You couldn’t pay me to run a Merc again. Every one I’ve owned and friend’s are all junk.


----------



## flyclimber (May 22, 2016)

Smackdaddy53 said:


> You couldn’t pay me to run a Merc again. Every one I’ve owned and friend’s are all junk.


Yike...


----------



## Sublime (Oct 9, 2015)

Smackdaddy53 said:


> You couldn’t pay me to run a Merc again. Every one I’ve owned and friend’s are all junk.





flyclimber said:


> Yike...


Not sure how old Smack is , but often this is generational thing. My generation and my dads generation witnessed some years where Mercury was HORRIBLE and we’ve never forgotten (or forgave) it lol. Rational? I don’t know.


----------



## Smackdaddy53 (Dec 31, 2012)

Sublime said:


> Not sure how old Smack is , but often this is generational thing. My generation and my dads generation witnessed some years where Mercury was HORRIBLE and we’ve never forgotten (or forgave) it lol. Rational? I don’t know.
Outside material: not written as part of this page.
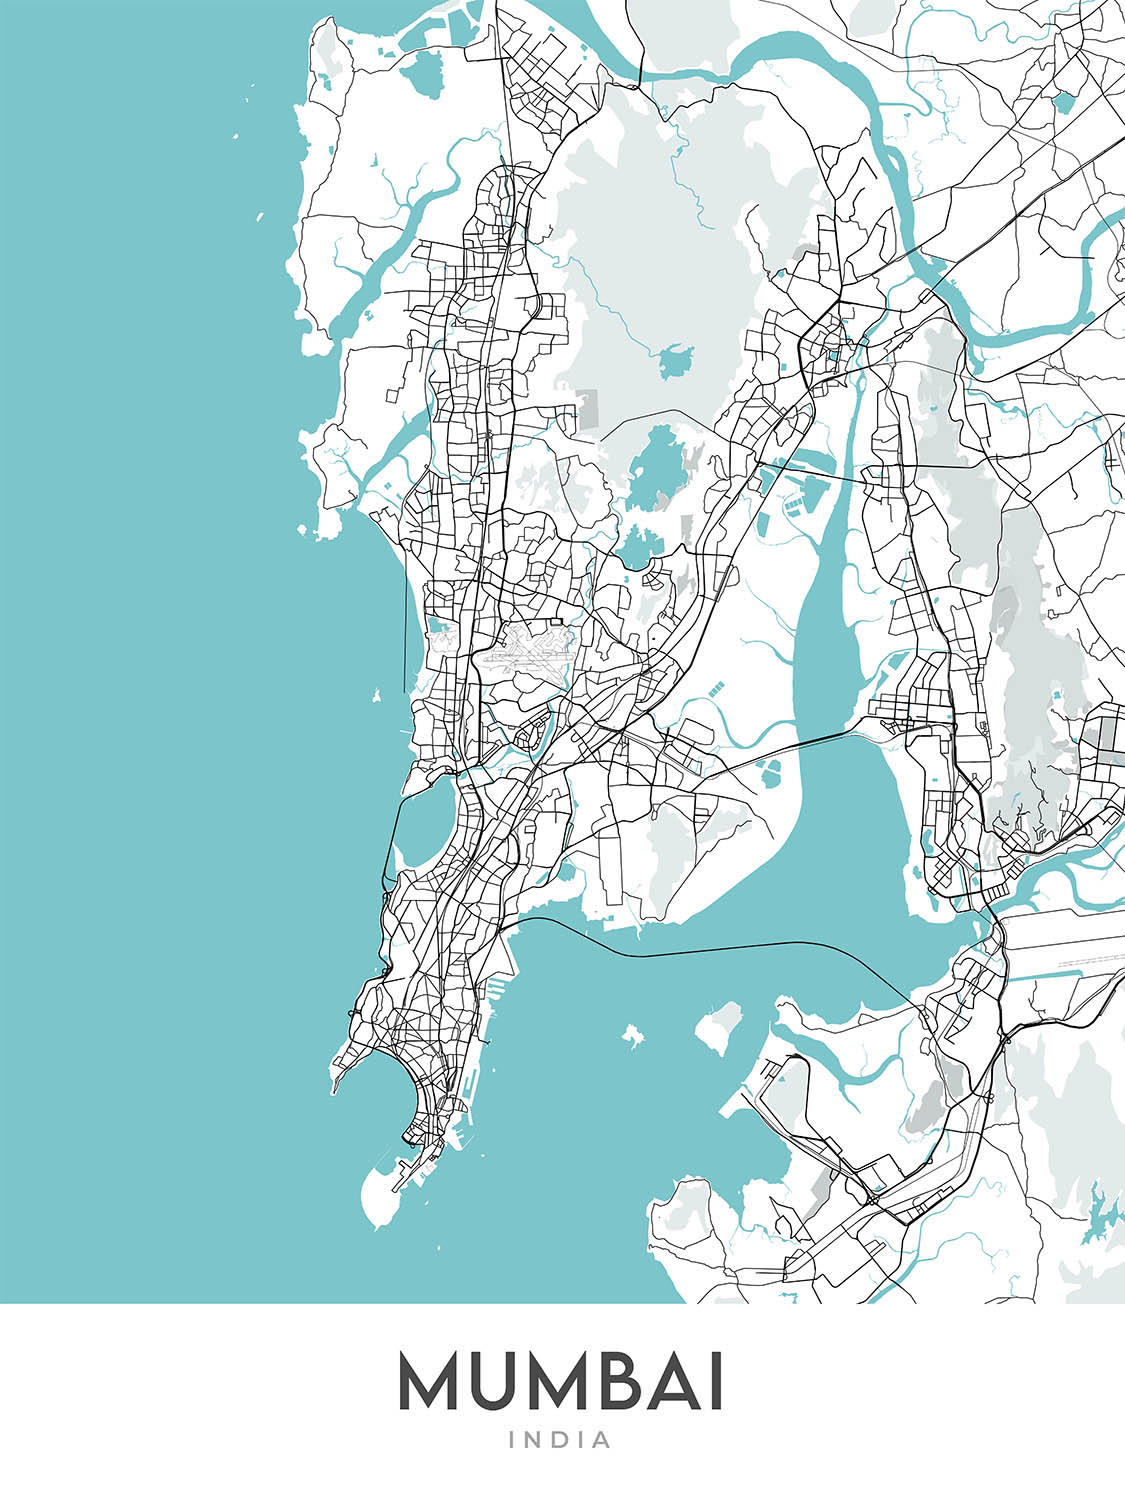 Plan de la ville moderne de Mumbai, Inde : Colaba, Marine Drive, Bandra-Worli Sea Link, Juhu Beach, Powai Lake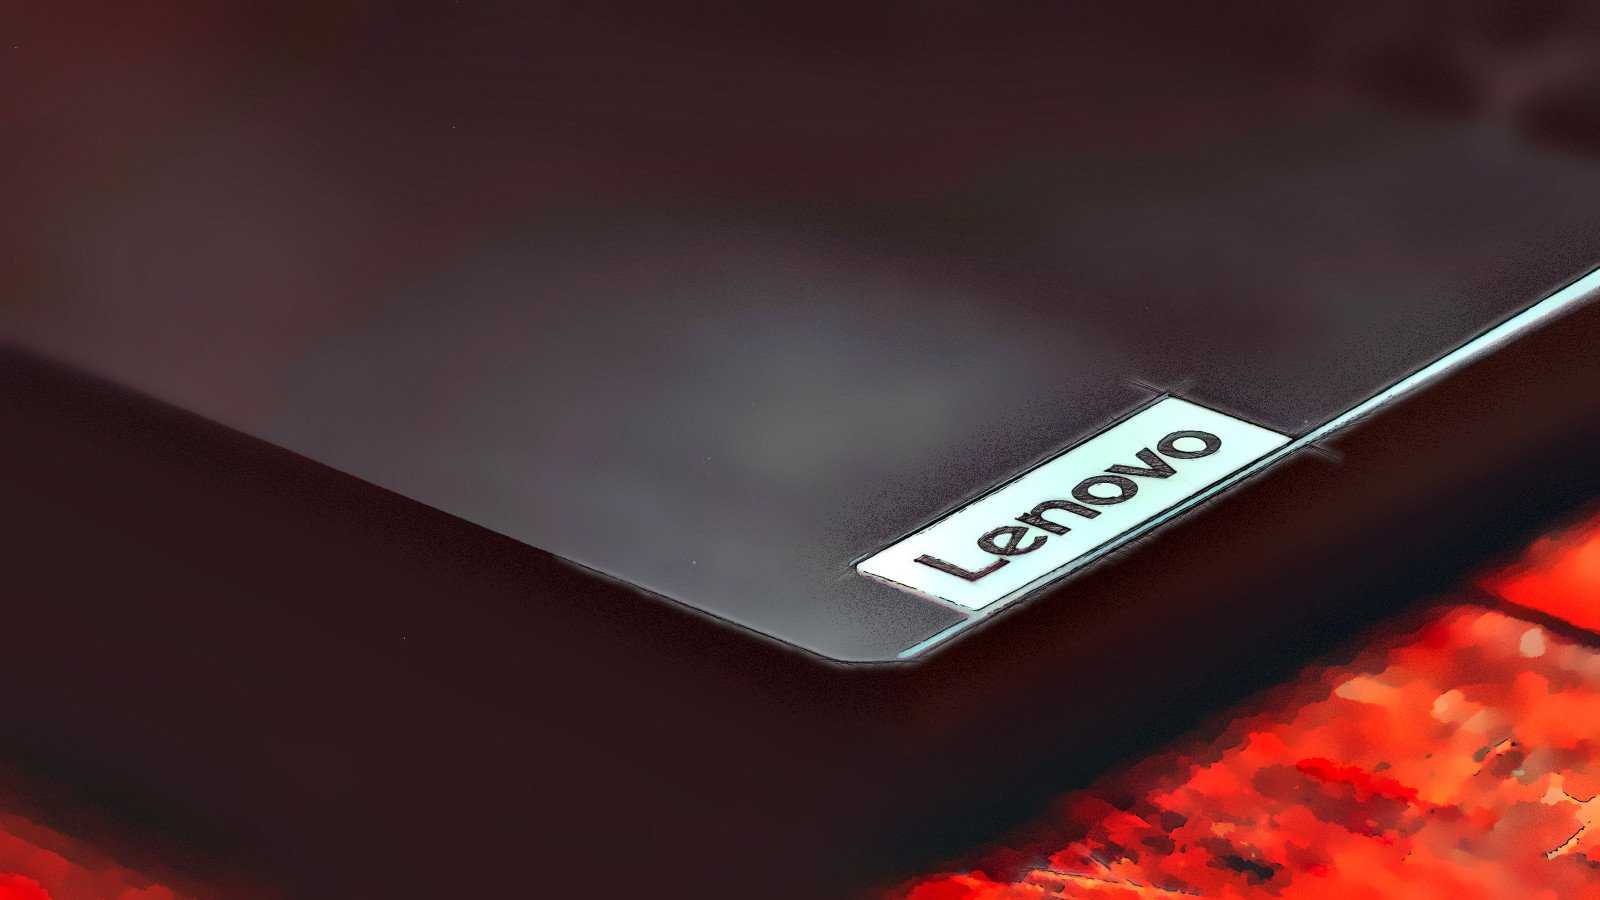 UEFI firmware vulnerabilities affect over 100 Lenovo notebook models

I’m an irrational 37 3/4 year old that loves 2 stroke Yamaha and 2 stroke Johnnyrudes. Some of the new motors are pretty impressive but each has it’s issues it seems.


----------



## Backcountry 16 (Mar 15, 2016)

Love my Mercs 30 miles one way into the glades and never think twice. That's why they sell different brands because I'm the opposite of Smackdaddy and hate Yamaha's and will never have another. 52 years old for reference I remember the Mariner motors from Mercury.


----------



## monzi (Apr 8, 2009)

Love my 30 Tohatsu after replacing my 40 Merc. 
‘99 Whipray full deck. 
I like skinny. Don’t have long runs (don’t mind leaving early as CM suggested). She still pops up fast (can tell the light weight helps). Big loads make a difference but majority of my fishing is light.


----------



## jonterr (Mar 24, 2013)

Smackdaddy53 said:


> I’m an irrational 37 3/4 year old that loves 2 stroke Yamaha and 2 stroke Johnnyrudes. Some of the new motors are pretty impressive but each has it’s issues it seems.


Whoa
Your 37?


----------



## Fritz (Jan 17, 2017)

I bought one of those little Merc 25’s back in 2001 new, paid $2,100 for it, so it hurts my head to pay almost that much today for a twenty year old model.

And mine stranded me twice in four years, that’s hard to forgive.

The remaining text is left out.